Since the element type does not resemble the C number types anymore, one can not simply pass a pointer to a Julia Array{Union{Missing,Float64}} to a C routine that expects a double* to write some data into. In this case I really want to avoid creating a copy of the array, because the arrays in the file can be quite large and one might run out of memory when copying the array.

Other limitations I came across were that an Array{Union{Missing,Float64}} can not be Mmapped or passed to Blosc for compression etc.

To make dealing with this easier I have written this small package and ask if there are already other attempts at implementing this functionality, if you know another package where this functionality might fit or if you find this useful at all.

A typical workflow would be:

x = [1 2 3;
  4 5 6;
  -1 -1 10]
xs = as_sentinel(x,-1)
3×3 reinterpret(SentinelMissings.SentinelMissing{Int64,-1}, ::Array{Int64,2}):
       1        2   3
       4        5   6
 missing  missing  10

Note that this does not copy the array, but operating on the reinterpret version behaves as if
the values inside were missings and it operates quite well with Array{Union{T,Missing}} types, e.g.:

a = [5.0 2.0 missing]
xs .= xs .+ a
3×3 reinterpret(SentinelMissings.SentinelMissing{Int64,-1}, ::Array{Int64,2}):
       9        6  missing
      12        9  missing
 missing  missing  missing

while the memory is still shared with x, which could be an Mmapped array or an
Array you share to a C library.

x
3×3 Array{Int64,2}:
  9   6  -1
 12   9  -1
 -1  -1  -1

#2

Cool!


#3

nifty


#4

Excellent idea


#5

Looks great. The ability to do this was an explicit design goal of the missing value stuff, so glad to see people using it.


#6

Thanks for the replies, It’s good to know that this was an explicit design goal. As a follow-up, currently it is not possible to use e.g. skipmissing in combination with this type:

julia> using SentinelMissings

julia> a = as_sentinel([1,2,-1,4],-1);

julia> sum(skipmissing(a))
missing

I think the reason is that this line https://github.com/JuliaLang/julia/blob/master/base/missing.jl#L191 checks for object identity while item === missing and only skips “true missings” and not values that should behave like missings but aren’t. Would there be a disadvantage to replace this check (and in other places like mapreduce) with ismissing(item), which would make the missing interface more generic.

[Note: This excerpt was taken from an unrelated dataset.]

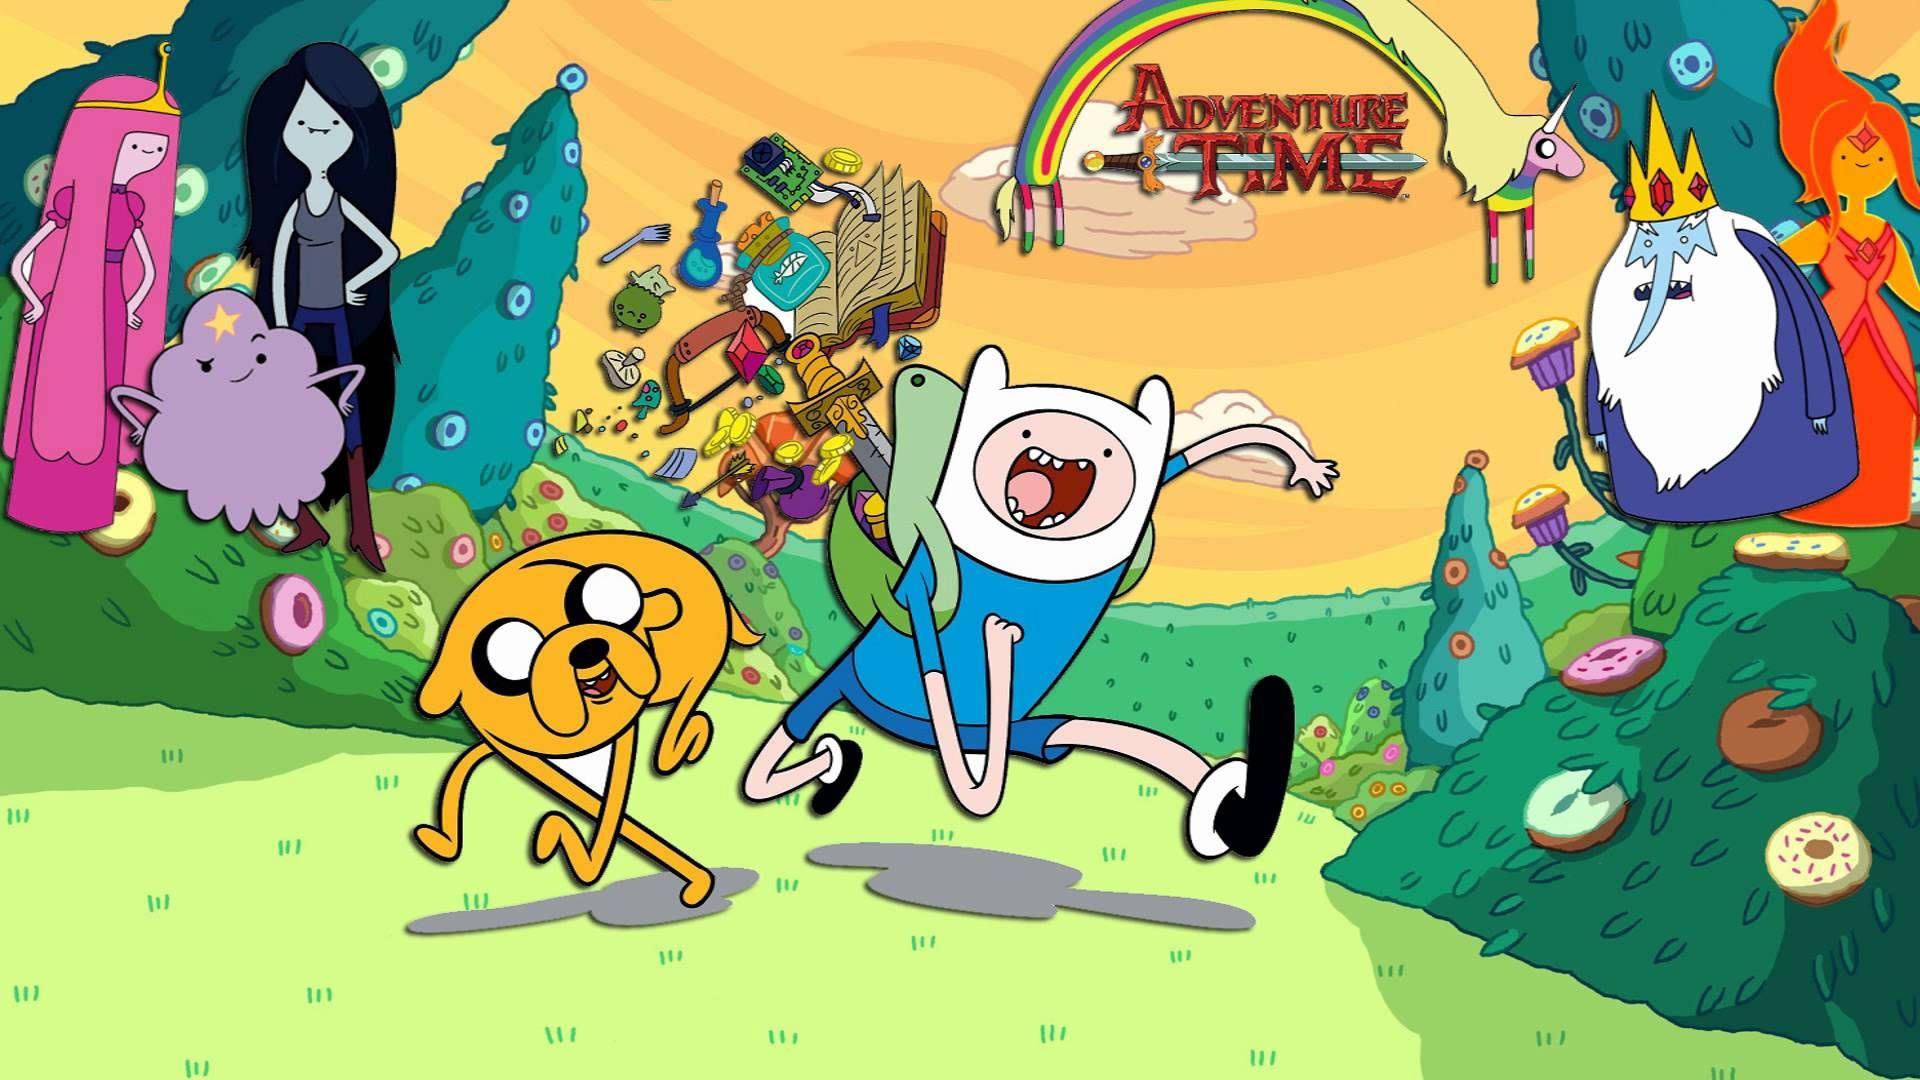 Adventure Time Wallpaper Adventure Time Wallpaper Adventure Time Cartoon Adventure Time Movie
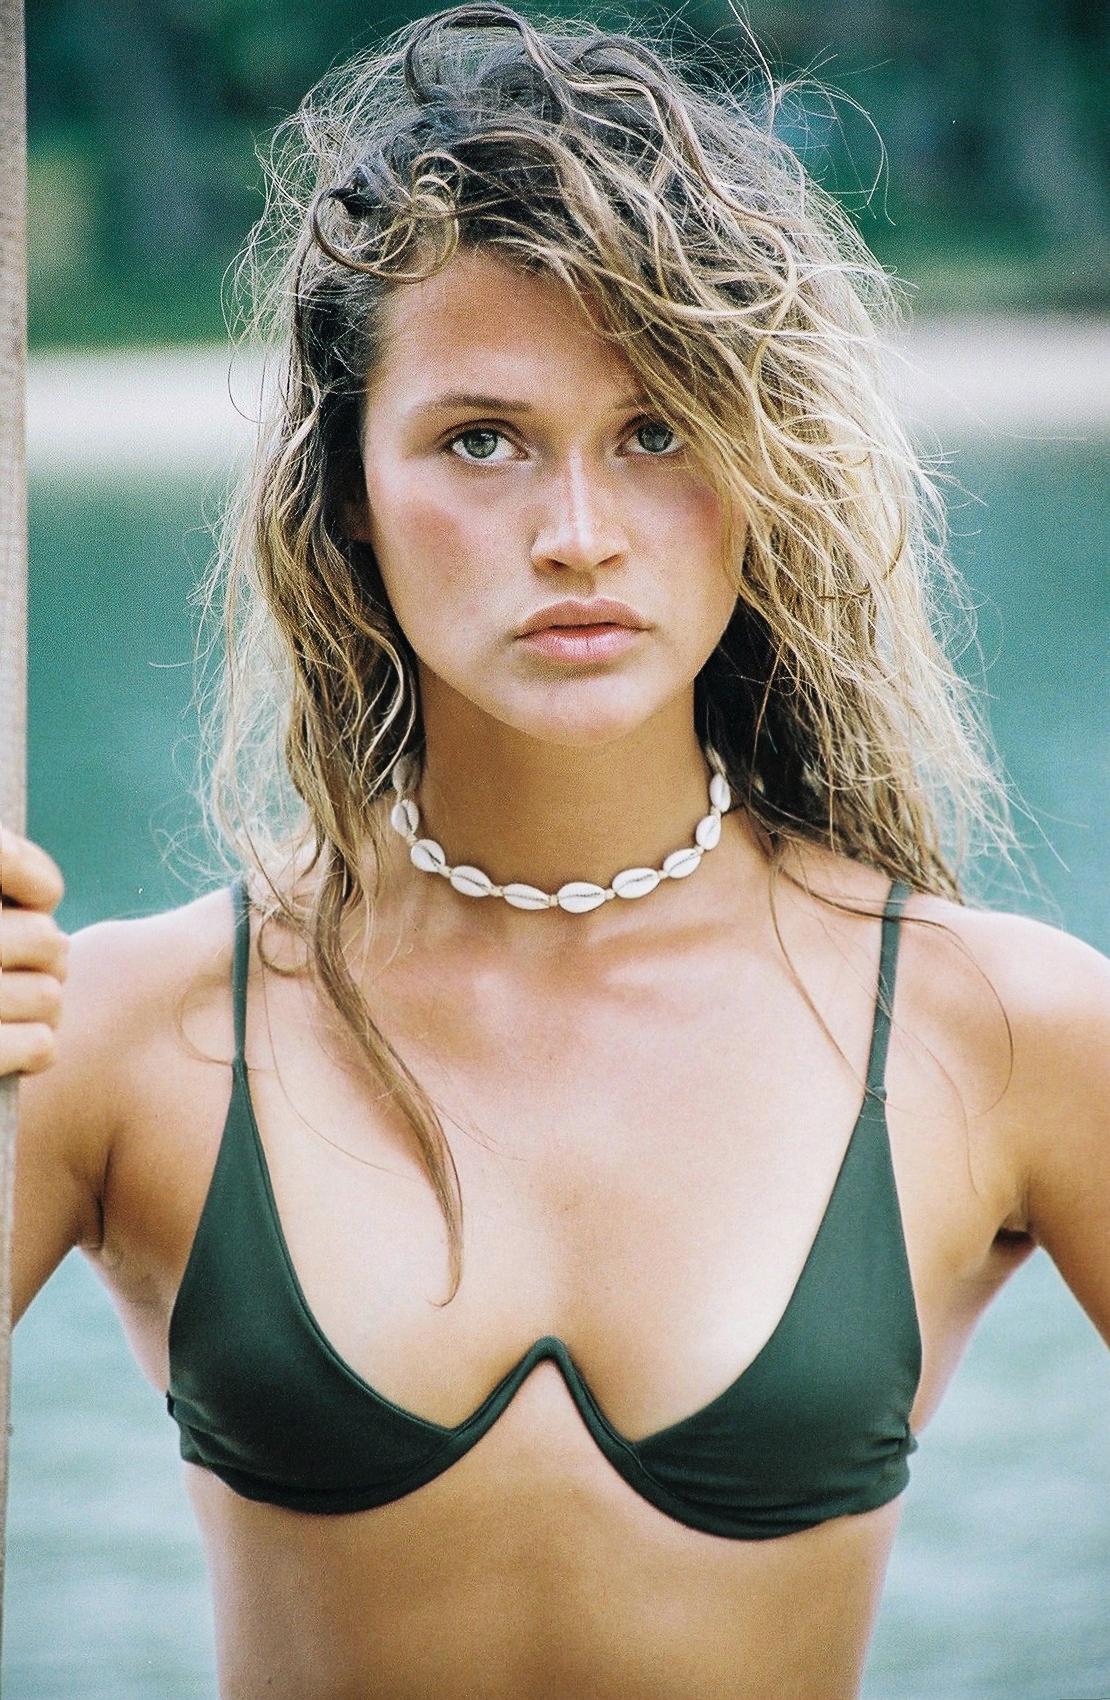 Swimsuit Tanya Girardi nude (91 photos) Young, 2017, lingerie

I could start a PR about this, but I don’t know if this would have negative performance effects for other use cases.


#7

Yes, unfortunately ismissing can currently be less efficient (see this issue). I don’t remember whether that’s the case for that particular function, though. You could provide a custom iterate method for Base.SkipMissing{<:Base.ReinterpretArray{<:SentinelMissings.SentinelMissing}}.

But I wonder whether the approach chosen by the package is the best one. Wouldn’t it be simpler to have a SentinelMissingArray object which would wrap another array, and replace the sentinel with missing in getindex? That would be simpler from the user’s point of view.


#8

I use a similar functionality for raster datasets here: https://github.com/mkborregaard/VerySimpleRasters.jl/blob/master/src/operations.jl#L41 . vsr.mat is an mmapped Matrix. I wonder if it would be useful to use this package here, or overkill?


#9

Why not just return an actual missing from the iterator?


#10

I thought about this as well and I think for my use cases this would be the best approach. Implementing the missings this way was in some ways an experiment on how far one can use Julia’s type promotion system and to me it felt more correct because I don’t see a reason why missings represented through sentinel values should only be able to live inside arrays.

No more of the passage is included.